Please someone could help me to obtain formula (*)?
If spherical averages go up, so do the "solid" averages.
Let's start with an intuitive fact: if $f:[0,b]\to \mathbb{R}$ is a nondecreasing function, then the running averages $F(x)=\frac{1}{x}\int_0^x f(t)\,dt$ are also nondecreasing.

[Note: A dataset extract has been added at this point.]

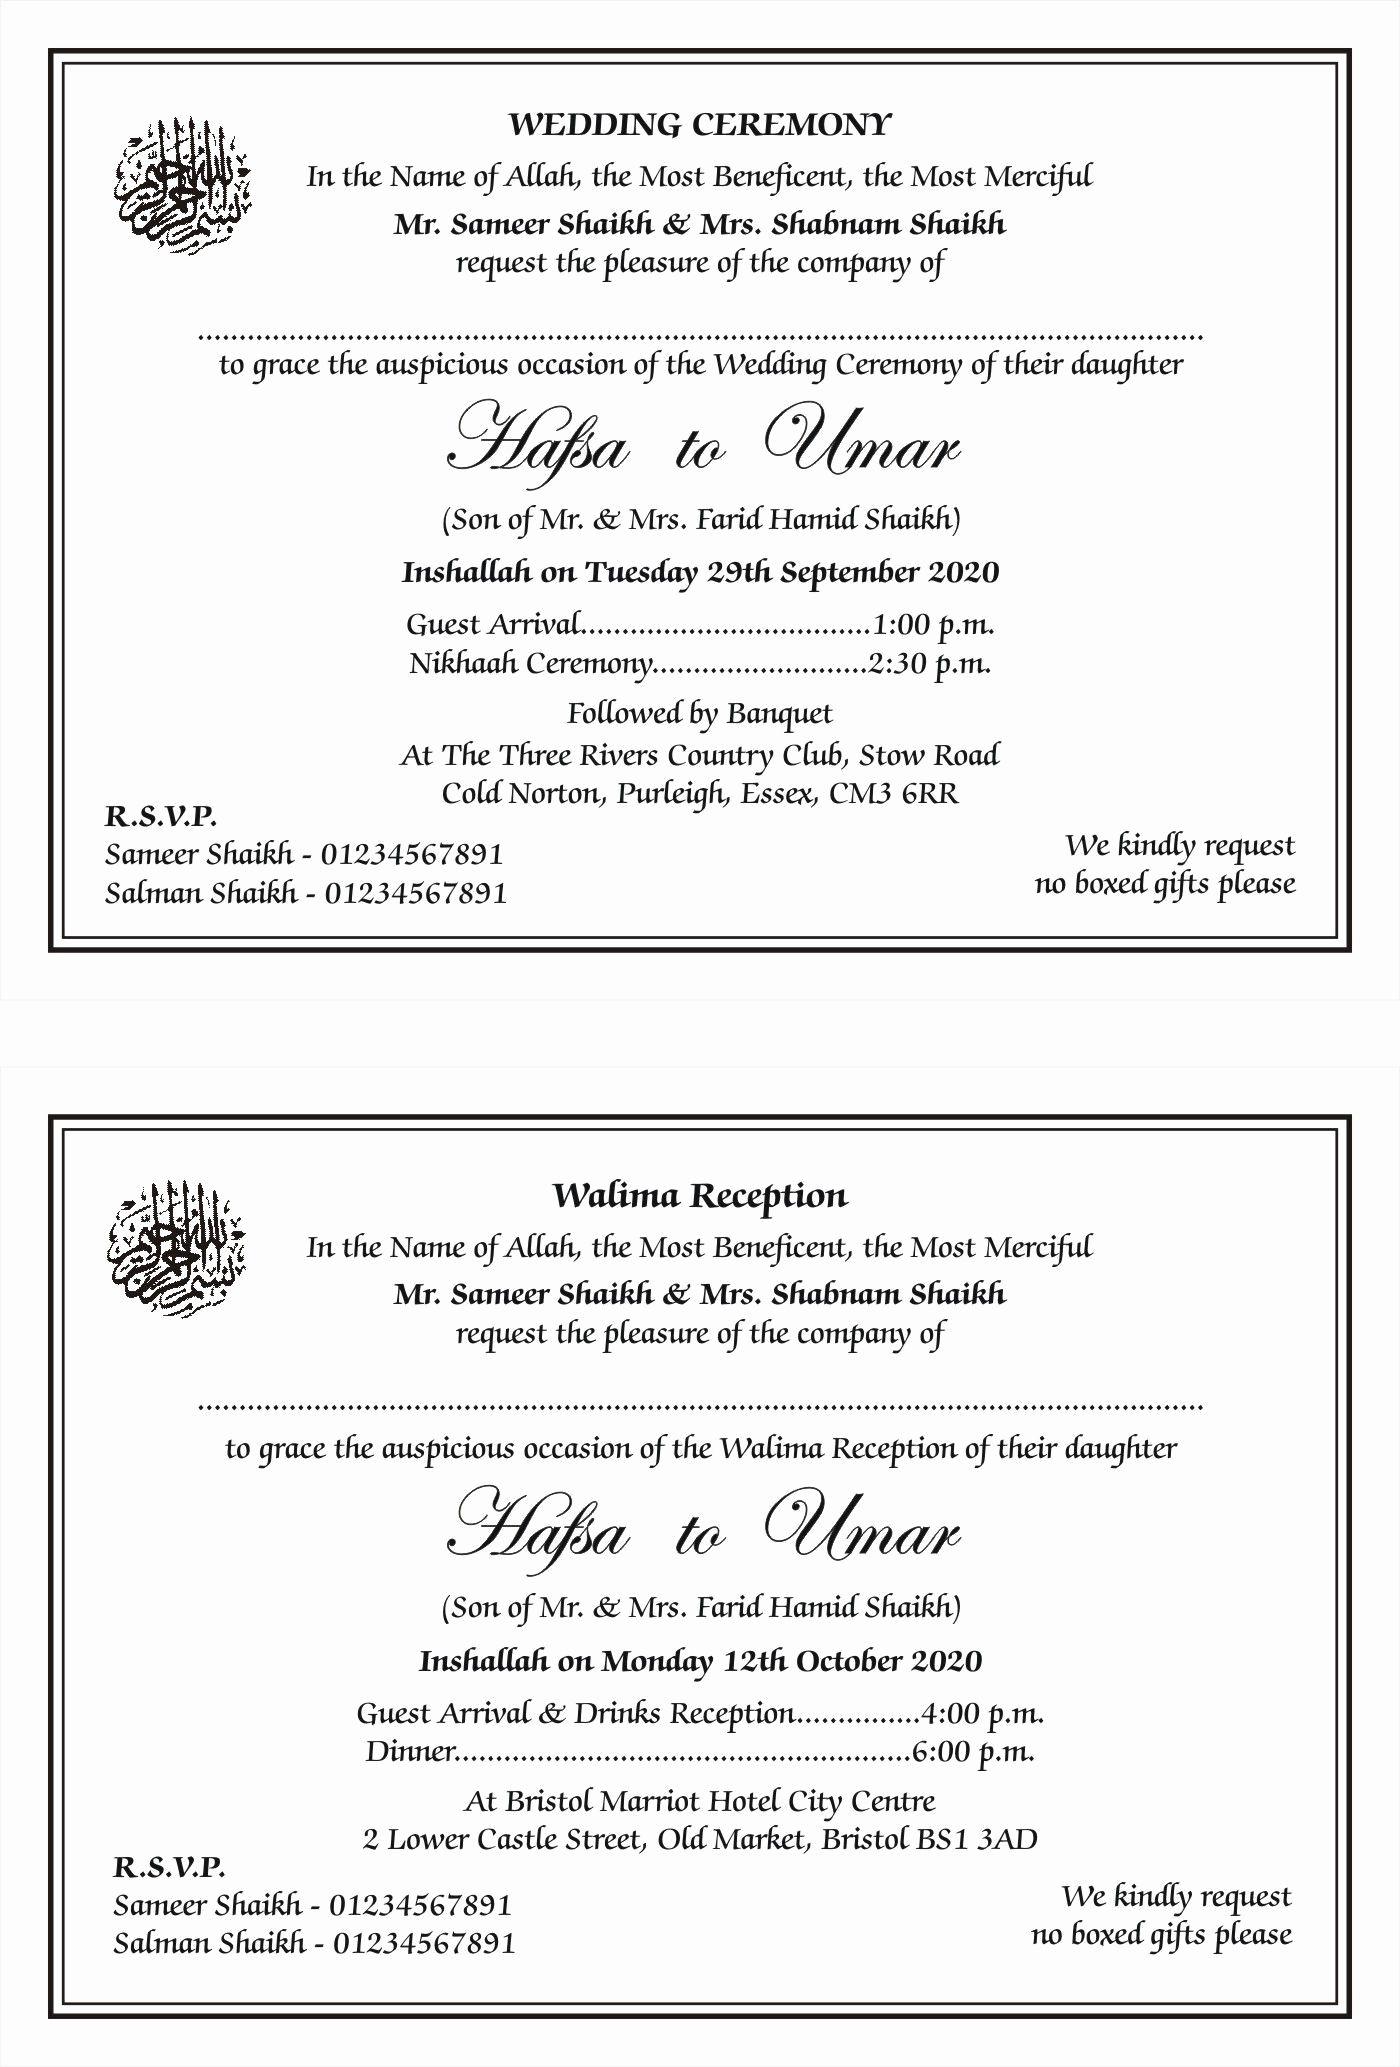 Walima Invitation Cards Wordings Fresh Shaadi Cards Wordings Muslim Wedding Invitations Modern Wedding Invitation Wording Marriage Cards

Indeed, a change of variable yields $$F(x)=\int_0^1 f(xt)\,dt$$ where the integrand increases with respect to $x$. (Proof suggested by David C. Ullrich).
More generally, the weighted averages $F_p(x)=\frac{p}{x^p}\int_0^x f(t)t^{p-1}\,dt$ are nondecreasing; this is reduced to the above by substitution $u=t^p$.
As a special case, let $p=n$ and let $f(t)$ be the average of subharmonic function on the sphere of radius $t$. Then $F_n(r)$ is its average on the ball of radius $r$.